Therefore, for forming corrugated pipes used in steering columns, pipes 
with an increased wall thickness are selected so that the corrugated pipe 
is not subjected to inadmissible stress even in its inner region which is 
subjected to the highest stresses. 
Accordingly, an object of the present invention is a method of 
manufacturing corrugated pipes with a very distinctive corrugation in 
which the wall thickness of the corrugated pipe in its interior region is 
not only retained but is rather increased. 

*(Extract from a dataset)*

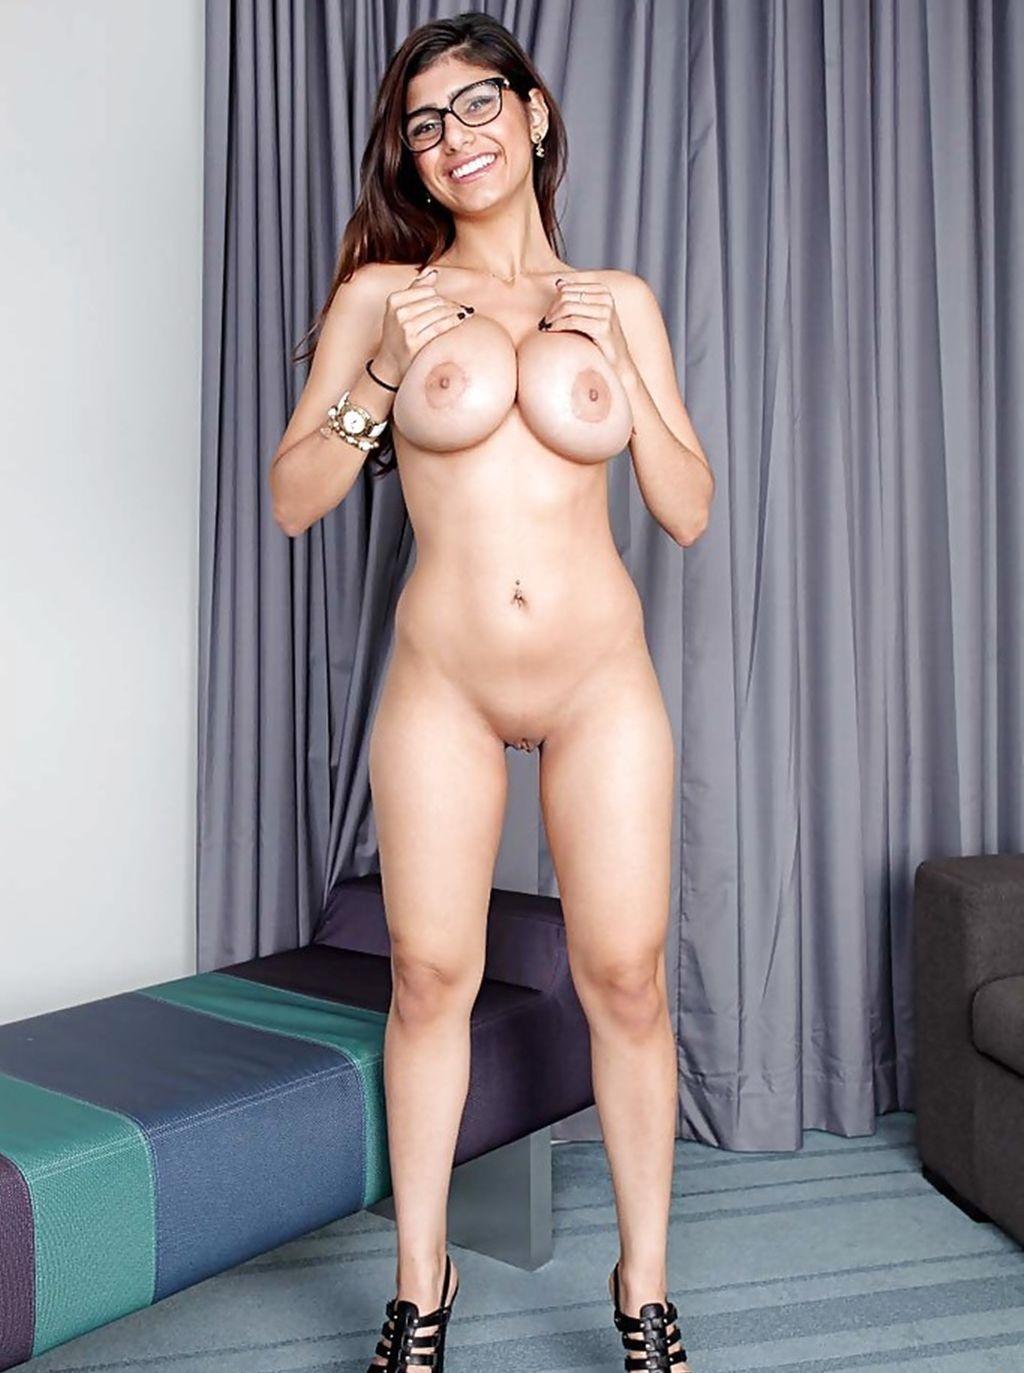 Fotos nuas Mia Khalifa pelada

Another object of the invention is a method of manufacturing of a 
corrugated pipe in which the ratio of a height of a single corrugation 
protrusion to a length of the corrugation protrusion is approximately 1:1. 
SUMMARY OF THE INVENTION 
These and other objects of the invention, which will become apparent 
hereinafter, are achieved by providing a method of manufacturing a pipe 
having a predetermined corrugation and which includes providing a 
plurality of first mandrel having each an axially extending corrugation 
having a predetermined shape and height, with the heights of the first 
mandrels progressively increasing from one first mandrel to another first 
mandrel, inserting the first mandrels into a smooth cylindrical metallic 
pipe, radially expanding the first mandrels against exchangeable 
complementary cheek means, and displacing the complementary check means, 
which surrounds the pipe and has a corrugation at least approximately 
corresponding to the corrugation of the inserted first mandrel, radially 
inward to provide a first preformed corrugation on the metallic pipe. 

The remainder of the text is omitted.